Visible on the platform :
recommendations.json
The Recommendations file contains the recommendations given by the pack about the source.
recommendations.json Example:
{
[
{
"content": "Cholesterol has 172 (18.7%) zeros",
"type": "Zeros",
"scope": {
"perimeter": "column",
"value": "Cholesterol"
},
"level": "info"
},
{
...
}
...
]
}
The recommendations are then materialized in the pack view on the source page.
There are several level
recommendations:
info
: Information- warning
- high
metrics.json
The metrics file contains the metrics given by the pack about the source.
metrics.json Example:
{
[
{
"key": "types_numeric",
"value": "7",
"scope": {
"perimeter": "dataset",
"value": "Heart Failure Prediction Dataset"
}
},
{
"key": "is_unique",
"value": "0",
"scope": {
"perimeter": "column",
"value": "Age"
}
},
{
...
}
...
]
}
Metrics are then materialized in the pack view on the source page.

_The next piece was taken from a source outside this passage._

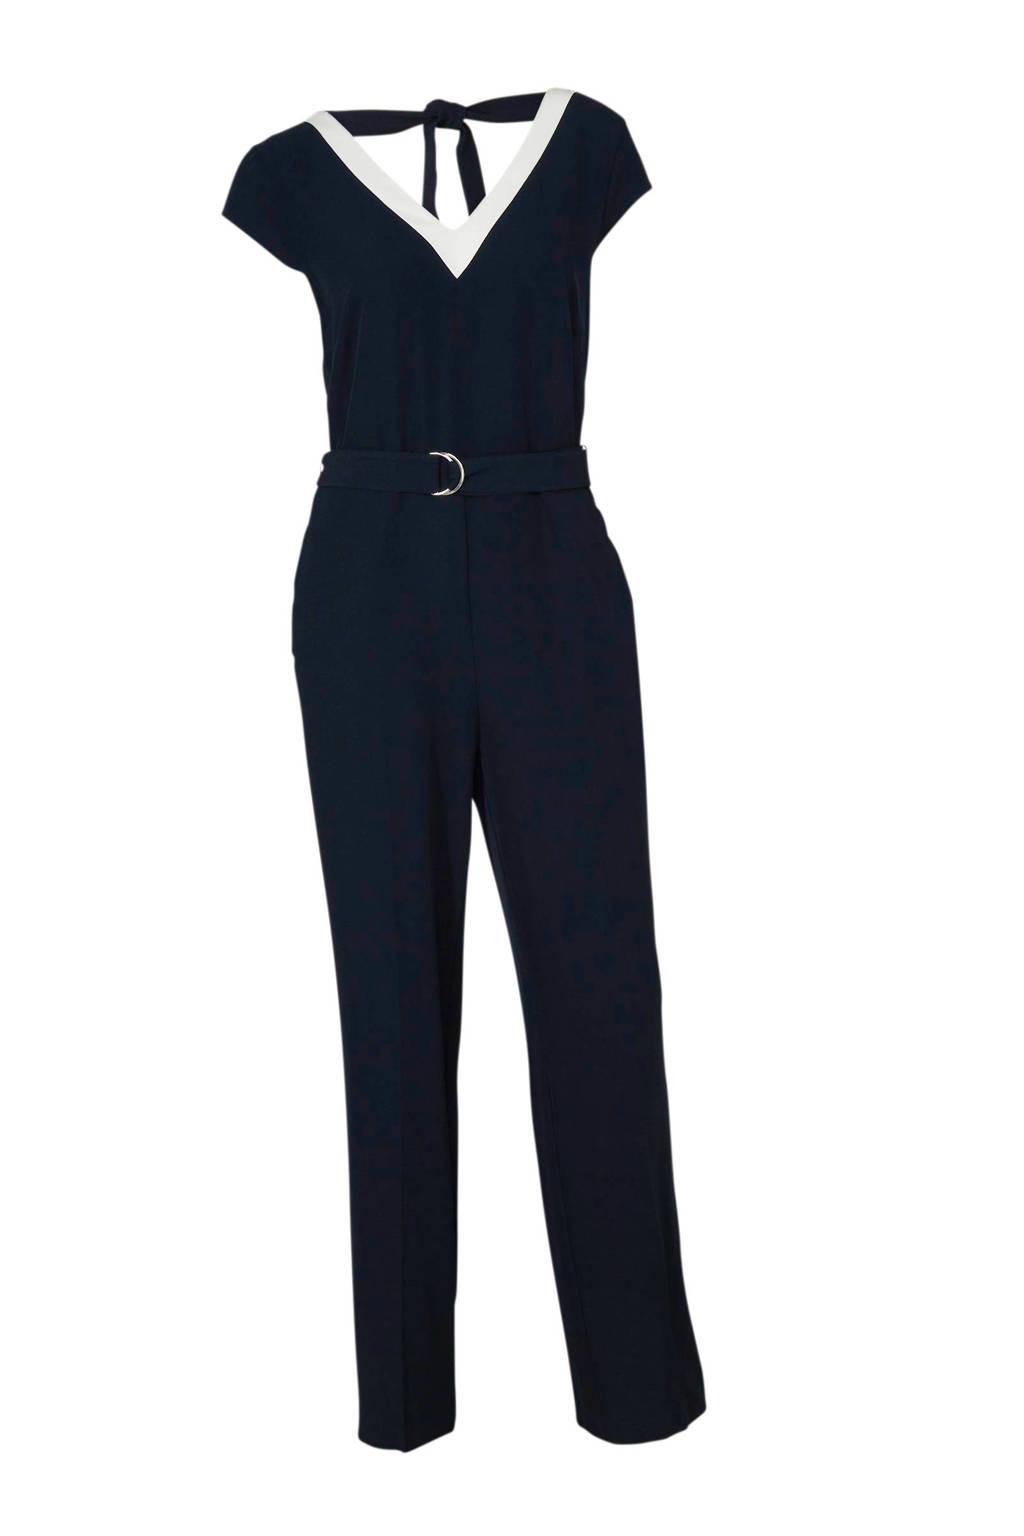 C&A Yessica jumpsuit met zijstreep marine/wit, Marine/wit

Metrics and recommendations are transmitted to the platform and then made available to the source pack execution view.
schemas.json
The metrics file contains the metrics given by the pack about the source.
metrics.json Example:
[
{
"key": "dataset",
"value": "Heart Failure Prediction Dataset",
"scope": {
"perimeter": "dataset",
"value": "Heart Failure Prediction Dataset"
}
},
{
"key": "column",
"value": "Age",
"scope": {
"perimeter": "column",
"value": "Age"
}
},
{
"key": "column",
"value": "Sex",
"scope": {
"perimeter": "column",
"value": "Sex"
}
},
....
]
The schematics are then materialized in the pack view on the source page.
Publish a pack
Packs have authors, you can only publish a pack of which you are the author. You can see the author of a pack on the pack page:
Viewing the author of a pack
When adding partners, their public packs will be available to you in another tab on the application's packs page.
They'll also be listed using qalita pack list
you'll be able to use them just like any other pack.
However, you won't be able to modify them.
The author of these packs will be the "partner" user created when the partner was added.
To publish a pack, you must use the Qalita CLI:
- Install the Qalita CLI
pip install qalita
- Retrieve his API token from his profile page
- Connect to the platform
agentName=admin
fileName="$HOME/.qalita/.env-$agentName"
mkdir -p $(dirname $fileName)
echo "QALITA_AGENT_NAME=$agentName" > $fileName
echo "QALITA_AGENT_MODE=worker" >> $fileName
echo "QALITA_AGENT_ENDPOINT=http://localhost:3080/api/v1" >> $fileName
echo "QALITA_AGENT_TOKEN=" >> $fileName
- Move to the root of the pack's parent folder
Example for a pack named my-pack
:
/-- parent-folder <----- here
|-- my-pack_pack
| __init__.py
| my-pack.py
- Publish the pack
- Commande
- Result
qalita pack push -n my_pack
>>> qalita pack push -n my_pack
------------- Pack Validation -------------
Pack [my_pack] validated.
------------- Pack Push -------------
Pack [my_pack] published
New pack version [1.0.0] detected. Pushing pack version
Pack [my_pack] updated successfully
Pack asset uploaded
Pack pushed !
You can then find your pack on the platform:
Qalita Pack Assistant
You can use our conversational robot Qalita Pack Assistant to help you create your pack.
Our robot benefits from a knowledge base specific to the Qalita pack creation use case. It will guide you and optimize your productivity.
QALITA public packs
You can find Qalita public packs on our github repository. These packs are maintained by QALITA SAS and the community. All contributions are appreciated.